Crime has no rights
In the space of only three months, three priests were murdered in South Africa. Fr Ernst Plöchl CMM of Mariazell in the Eastern Cape had done nothing to deserve a violent death; nor did Frs Daniel Matsela Mahula of Klerksdorp and Lionel Sham of Johannesburg before him.
The deaths of these three servants of God and his people in acts of evil cast a shadow over our welcome of the Year of the Priest. As we celebrate our priests and reflect on their mission, we must also contemplate the dangers so many of them expose themselves to, especially in a society as morally polluted as South Africa’s.
Inevitably many people, including Catholics, will demand the return of the death penalty for violent criminals. It is indeed difficult not to wish the ultimate punishment upon those who feel authorised to kill and rape with impunity. At times of anguish — individual and communal — we must hear the Church when it teaches that capital punishment is an injury to God.
International experience makes it clear that the death penalty does not serve as a deterrent. When applied, it usually serves only the purpose of vengeance. This is at odds with Catholic teaching.
South Africa does not need capital punishment to curb crime, but more effective methods of law enforcement and justice. But even these non-negotiable elements are not enough. Above all, South Africa needs a moral regeneration.
It should not be that criminals are deterred from committing a wicked act only because they might be caught. They ought to be deterred because it is wrong. In the minds of many criminals, life (even their own) is expendable. When life is seen as worthless, murder becomes banal. Our society must regain awe for human life, in every form.
The moral regeneration of society should not as a priority concentrate on issues such as adult content being screened on television (though this wants attention too), but more on instilling in all people a set of scruples which would restrain them from breaking the law and harming others simply because to do so is wrong.

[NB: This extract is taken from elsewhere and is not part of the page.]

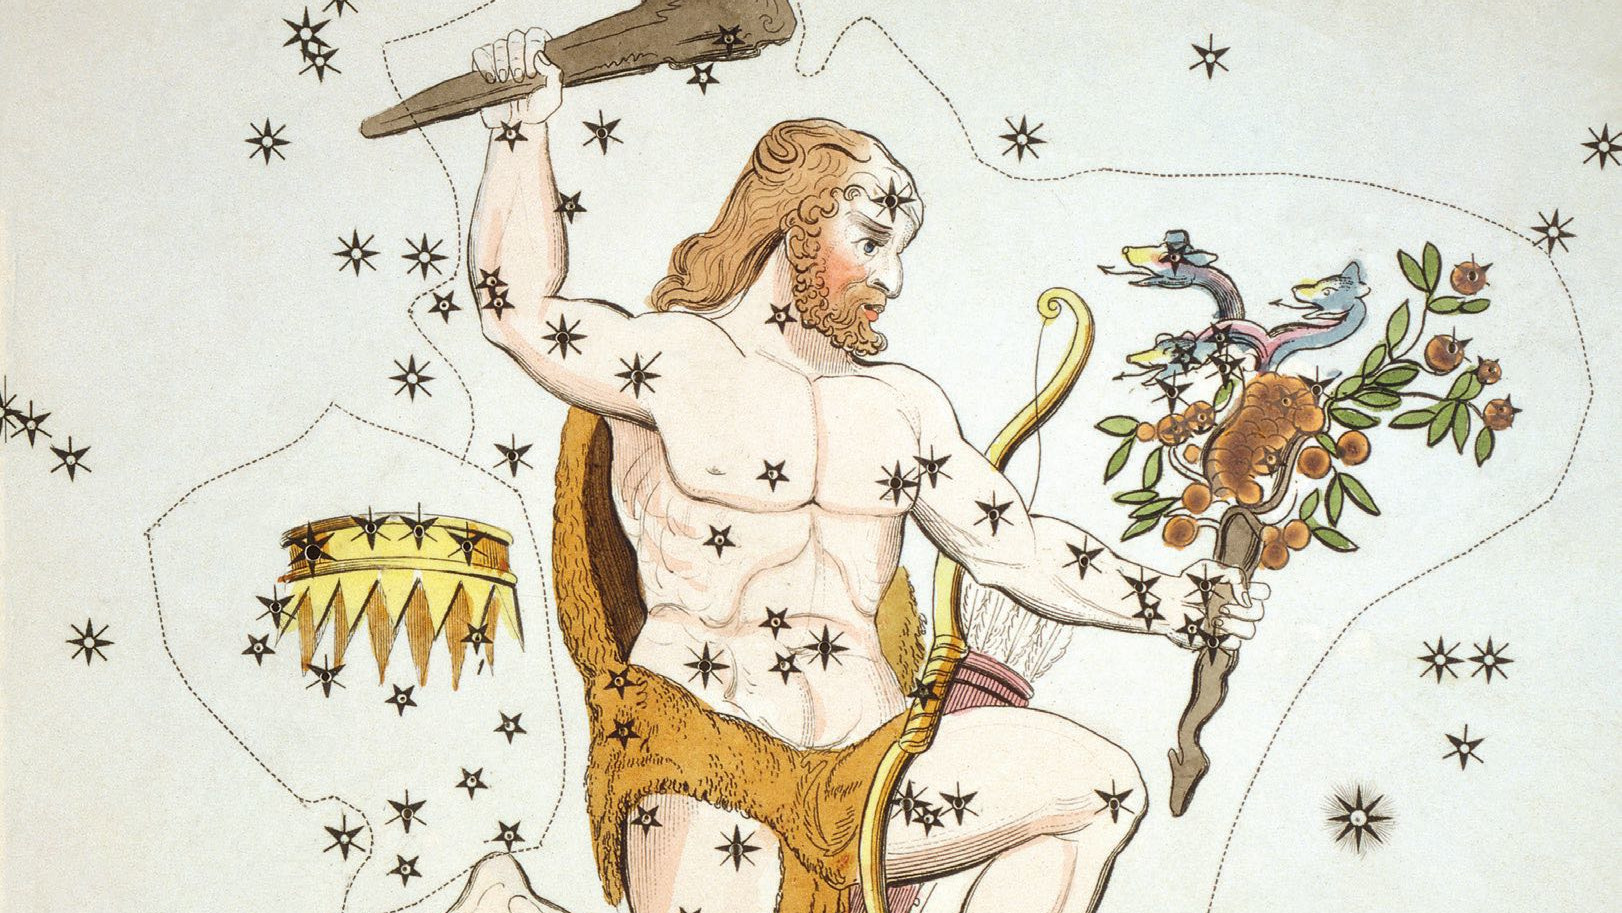 Em ilustrações históricas, a representação completa de Hércules inclui o bastão na mão, a pele do leão e as maçãs douradas roubadas. 
den gestohlenen goldenen Äpfeln dargestellt.

Such a recallibration of public ethics is a long-term project, but its initiation must not be delayed. In the interim, effective law enforcement and justice strategies are absolutely necessary. It must be made unambiguously clear that the state and its people regard criminals as enemies of the people. Criminals must be caught, tried in a court, and punished according to the law. And they should be rehabilitated, as far as possible, so that upon recovering their freedom they will not return to crime.
A moral regeneration would require first that communities embrace the notion that no crime is defensible, and that all criminal activity is intolerable. This must apply also to white collar crime and corruption, and cooperation in criminal activity.
Otherwise law-abiding citizens must be persuaded not to collaborate with criminals, for example by not buying stolen goods. Archbishop Buti Tlhagale, at the funeral of murdered Fr Allard ’Mako in October 2007, said that those who benefit from crime “contribute significantly towards the moral bankruptcy of society”. He went as far as suggesting that people who knowingly buy stolen goods or benefit from crime in other ways “ought to be banned from receiving Communion” because “their hands are dripping with the blood of innocent people”. Archbishop Tlhagale’s uncompromising words have much merit.
Churches should counsel those engaged in crime to depart from their ways — and if they do not, churches should not accept their money, not administer to them the sacraments, not accept them as part of the parish community, and not bury them when they die.
That, at least, would be a start in communicating that crime has no rights.